Hi...

Quite often, they create a replica for the purposes of switching to it 
immediately if the master completely fails.   I like the idea of taking backups 
on that replica, and not create another replica just for doing backups.   

One reason why I like it is that if I am to recover a database, I will want to 
do the following: a) restore the database backup; b) apply binary logs starting 
from the exact position as of which that backup is a snapshot of my database.   
If I have to use the binary logs taken on another database (f.e. backups are 
taken on a replica and binary logs on a master), then I will need to match the 
contents of one database binary logs with the time the backup was taken, which 
will make my recovery approximate and error prone.
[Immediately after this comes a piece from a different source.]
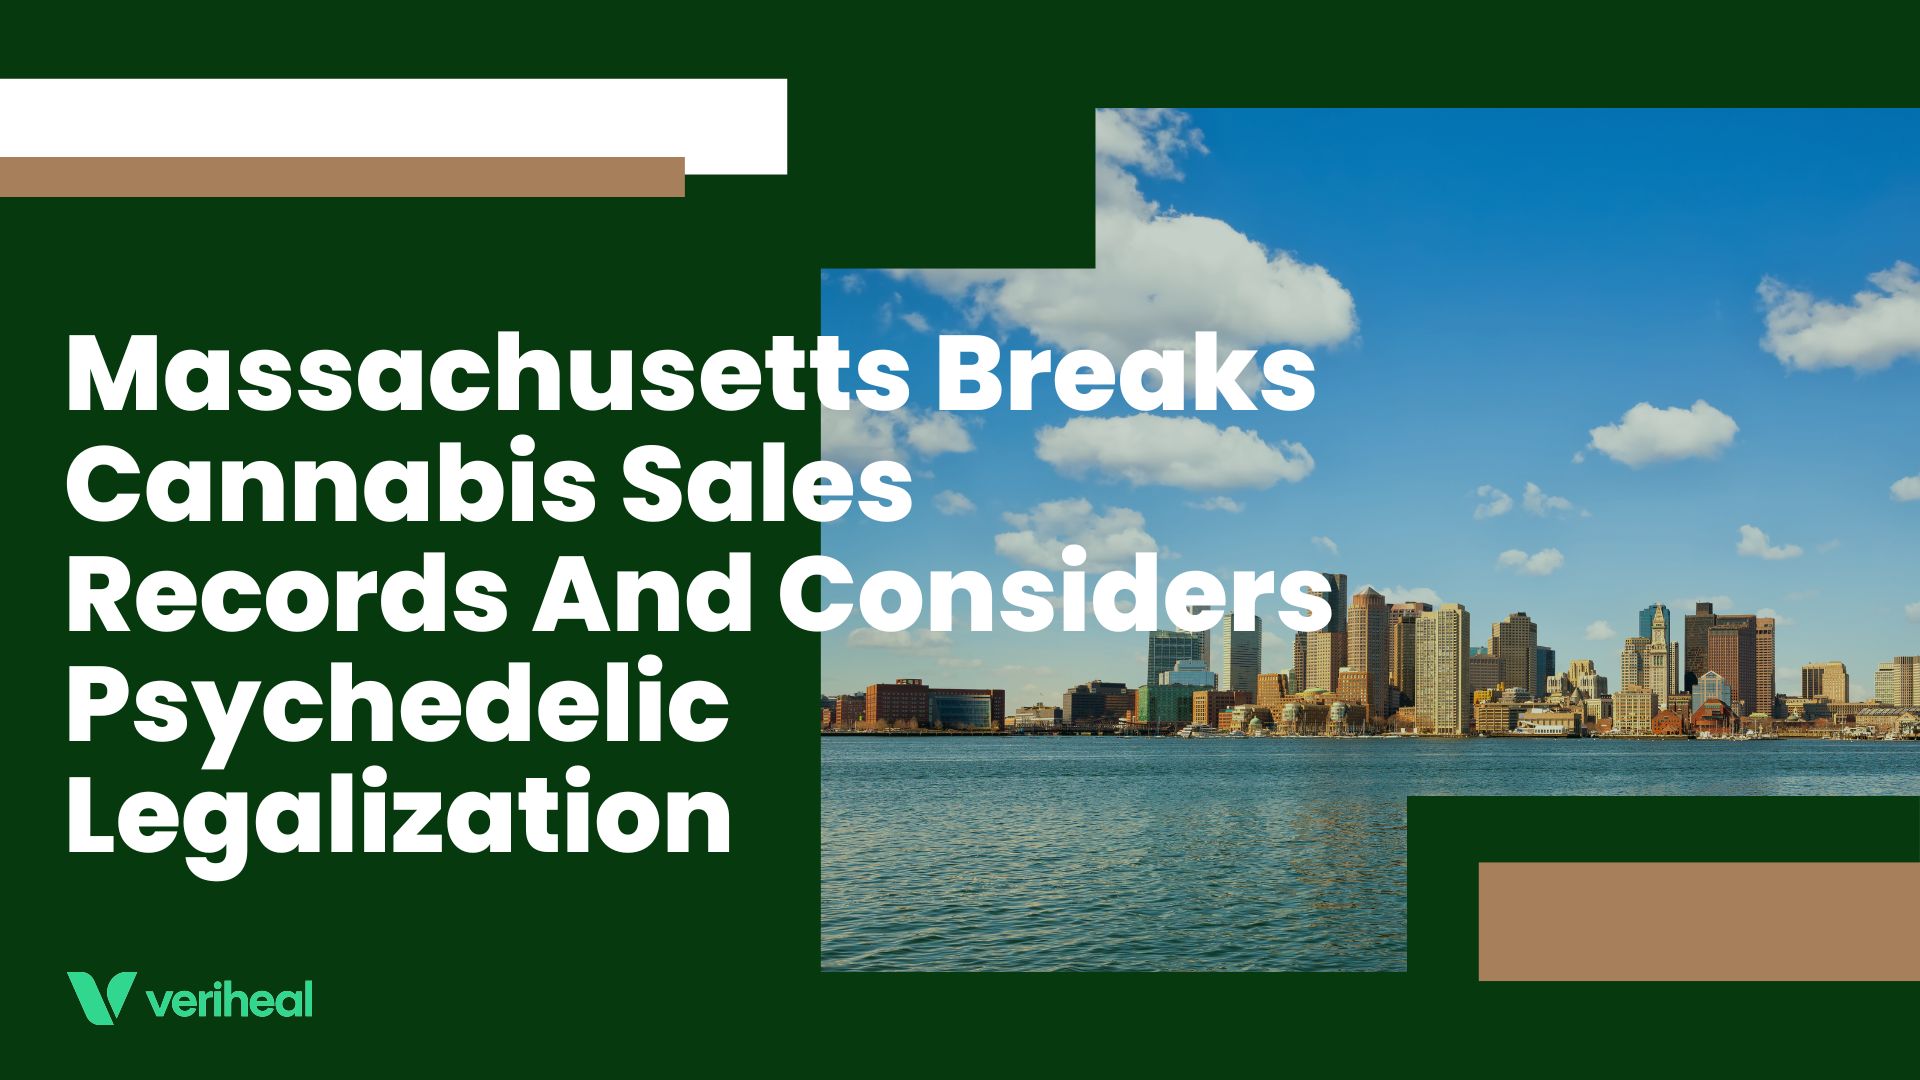 Massachusetts Breaks Cannabis Sales Records And Considers Psychedelic Legalization

From this, it kind of 
follows that I will want to set log-slave-updates and, for recovery, use 
backups of a replica and the binary logs generated by that replica.   

If the backups are on the third system, and I also have another replica for 
failovers, I will not only use an additional server and storage, but also my 
recovery plan will become messy.  On a failure of a primary, if I will be 
switching to a replica, I will have to make it a master to the replica I am 
taking backups on, which can be done, well, approximately.   If I do not want 
to deal with manually finding a position to synchronize them together, I will 
end up destroying a second replica for backups and rebuilding it from the 
replica I just switched to, for which in turn I will have to take another 
backup.   On a failure of primary in which I will be restoring the database 
from the replica I designated for backups, I will also have to restore the 
replica I use for failover protection.   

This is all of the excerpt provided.